As Roberts in 2013 had led the majority to a narrow construction of the 1965 Voting Rights Act, saying different treatment for states with a history of discrimination no longer was necessary, Roberts had also asserted: "At the same time, voting discrimination still exists; no one doubts that."

Barrett declined to agree or disagree with that assertion.

"I will not comment on what any justice said in an opinion," she told California Democrat Sen. Kamala Harris, "whether an opinion is right or wrong or endorse that proposition."

To persistent replay of the Harris query on voting, Barrett said she would agree that general racial bias still exists, but she would not comment on discrimination at the polls that has been a national concern. "I'm not going to express an opinion because these are very charged issues," she said.

She also begged off questions about what constitutes illegal voter intimidation.

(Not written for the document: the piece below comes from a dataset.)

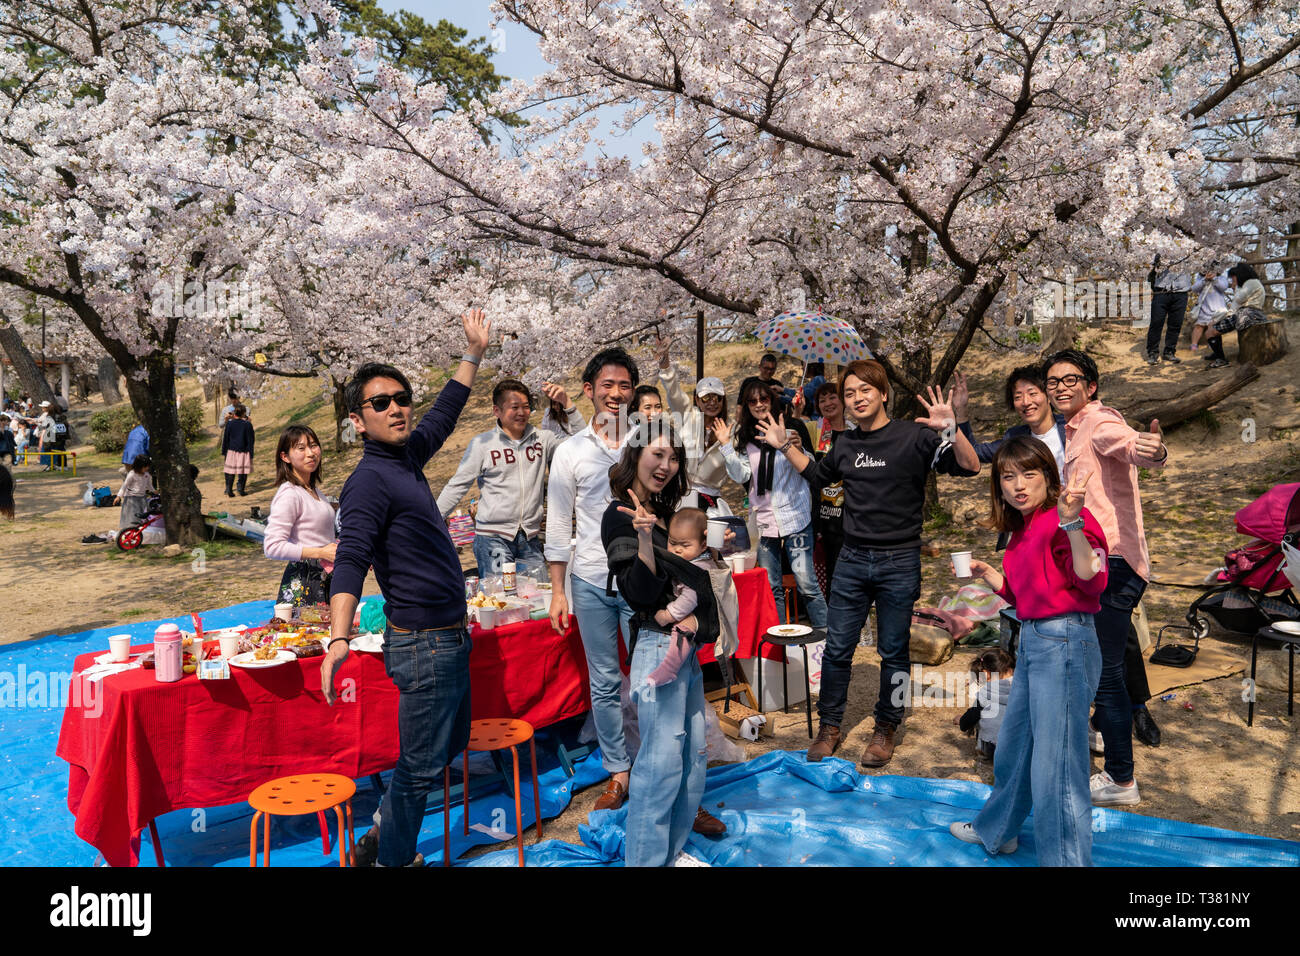 Menschen versammelt, die kirschblüten zu sehen, "Hana-mi', oder das traditionelle Picknick unter ihnen haben in der Heißen das zweimal jährlich erscheinende Mode-Special Sonnenschein an Shukugawa, in der Nähe der Nishinomiya in Japan. Gruppe von Menschen, die sich dem Betrachter zu Gesicht, was Frieden unterzeichnen und lächelnd. Ein beliebter Aussichtspunkt, mit einer Reihe von Cherry Blossom Bäume auf beiden Seiten des Flusses. Stockfoto

Separately, Barrett did not acknowledge concerns over the climate crisis. "I've read things about climate change," she told Louisiana Republican Sen. John Kennedy. "I would not say that I have firm views on it."

Later, in follow-up questioning from Harris, Barrett said, "If a case comes before me involving environmental regulation, I will certainly apply all applicable law deferring when the law requires me to. ... The Administrative Procedure Act does require courts to defer to agency fact-finding and to agency regulation when supported by substantial evidence."

Trump and his legal team have looked for judicial candidates who would curb regulatory power. They say government has grown too big and encroaches on business and individual activities.

Graham defended Barrett's limited answers in testimony, saying she was adhering to the practice of past nominees to the high court. Acknowledging that Ginsburg had revealed her views regarding abortion rights in her 1993 hearings, Graham said Ginsburg "embraced the pro-choice point of view."

But Graham added, "That's not being candid about the law. That's candid about who you are. It's clear to everybody watching these hearings that you and your family are pro-life, that you are a practicing Catholic, and you adhere to the tenets of your faith."